# Data excerpt:

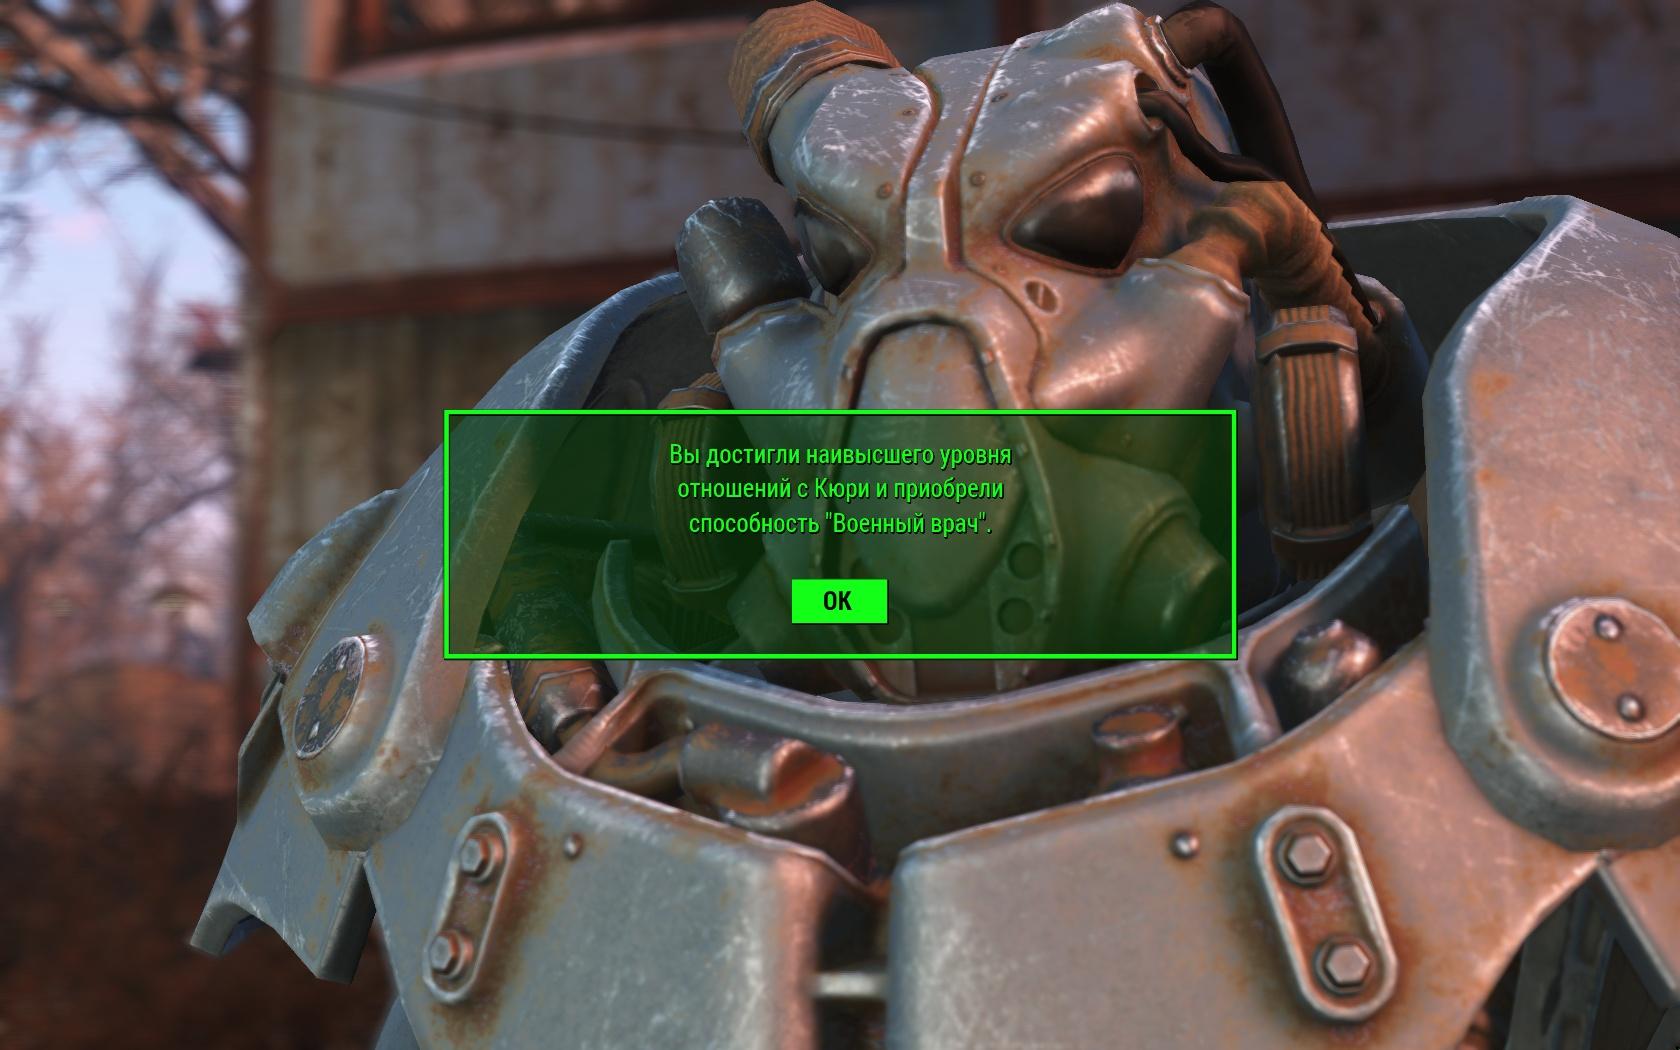 Всеисцеляющая сестра милосердия Кюри. Наивысший уровень отношений - Fallout 4 Военный врач
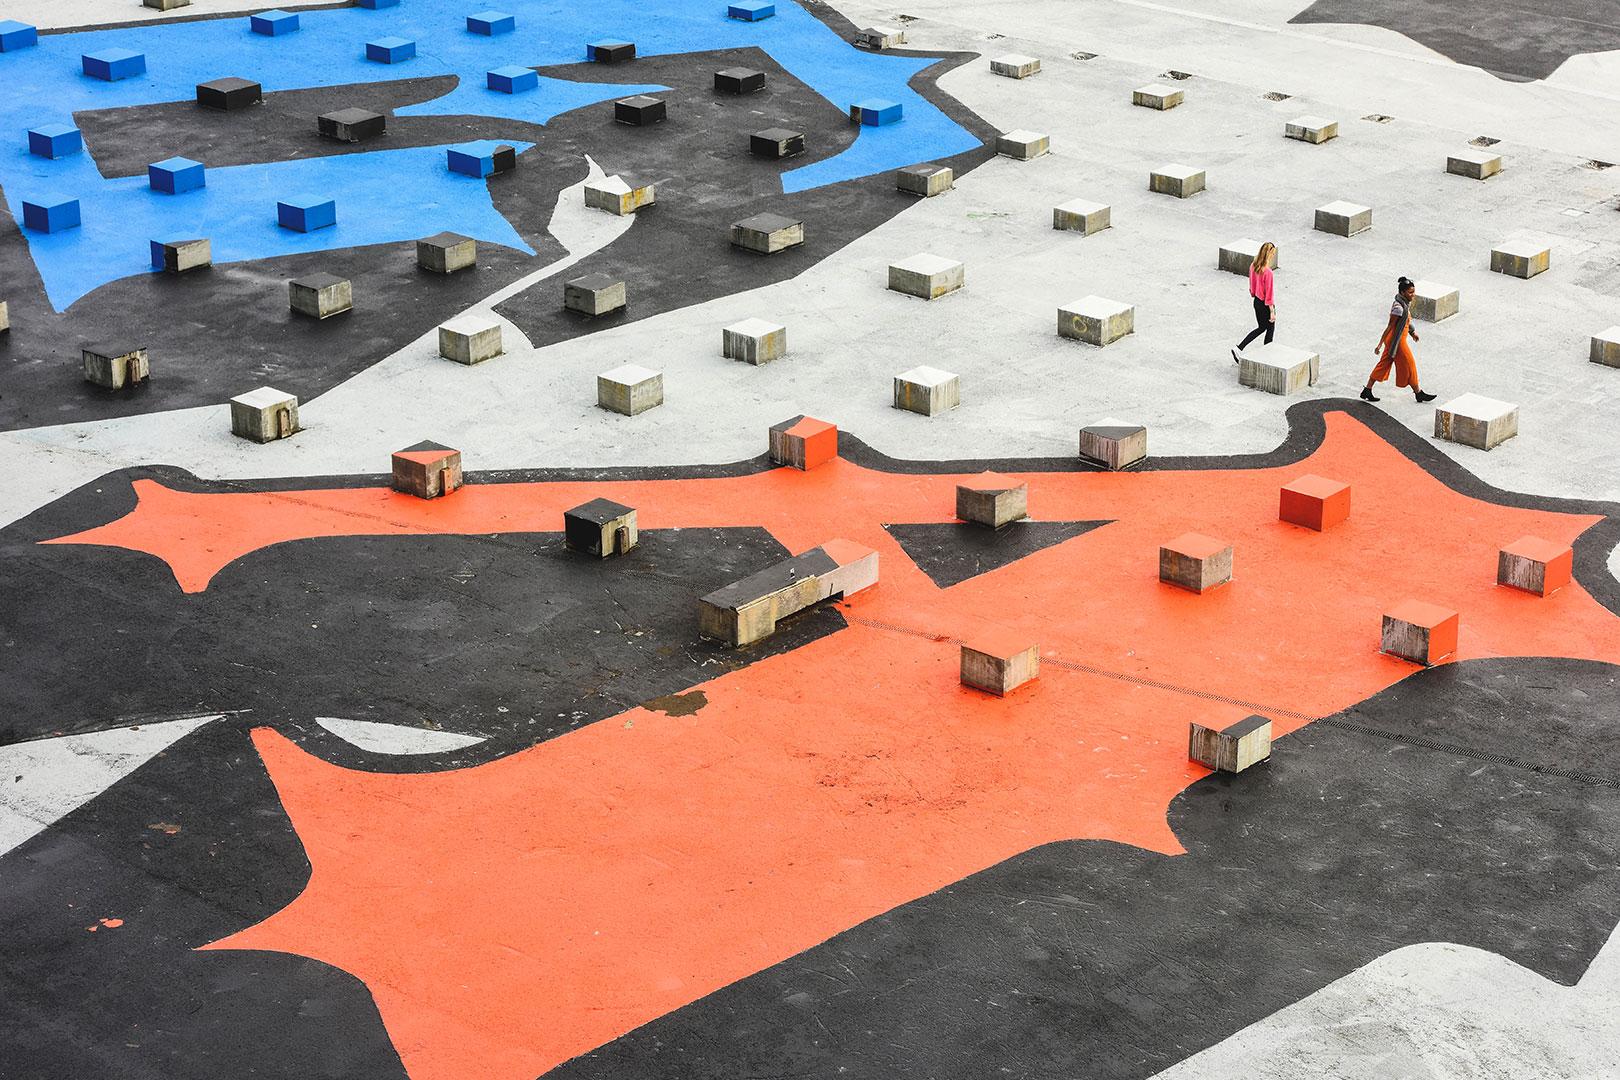 Unkonventionelle Leinwand – Ein 17.500 Quadratmeter großes Kunstwerk
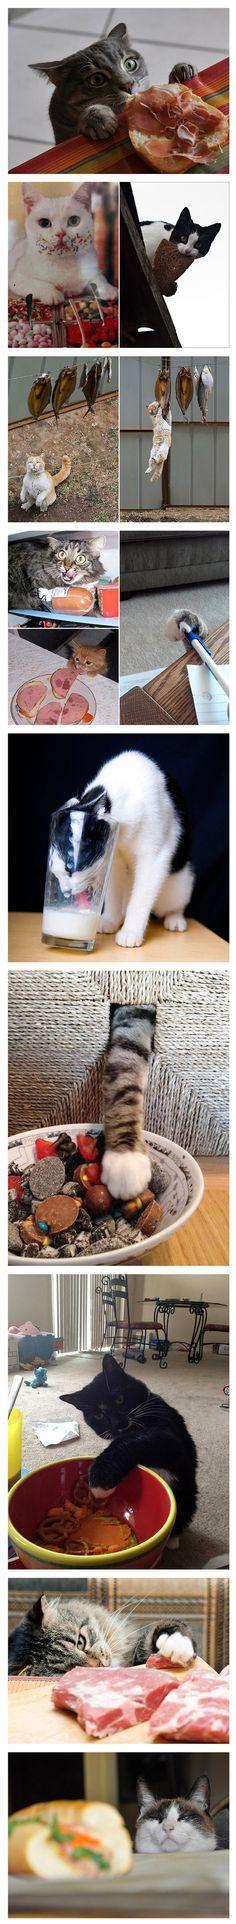 Gatos robando comida
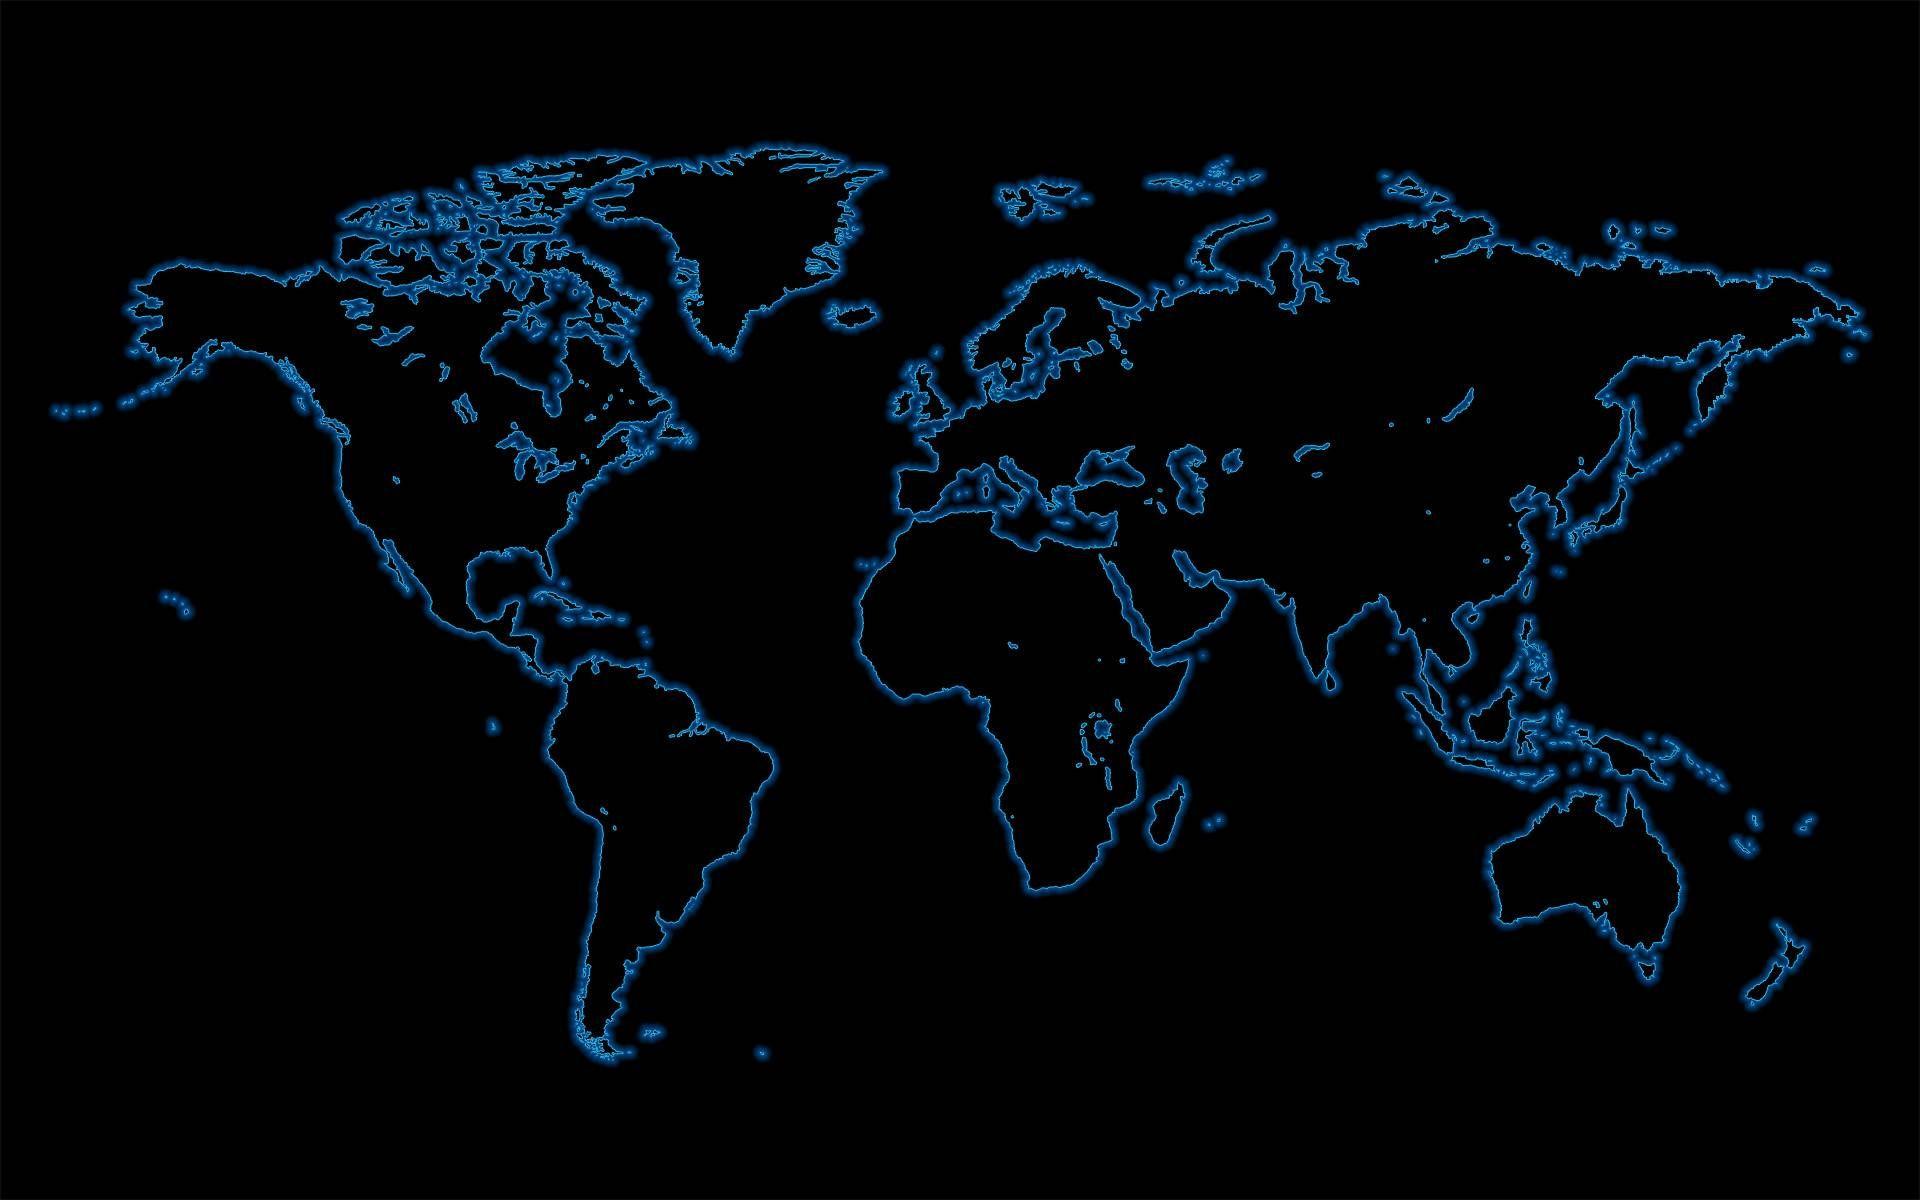 5bzwysc Jpg 1920 1200 World Map Wallpaper Map Wallpaper Worl

# What needs to be done:
Starting at the line with "Gatos robando comida", transcribe the listing above exactly through its last line. No picture belongs in the transcription.

# Answer space:
 Gatos robando comida
 5bzwysc Jpg 1920 1200 World Map Wallpaper Map Wallpaper Worl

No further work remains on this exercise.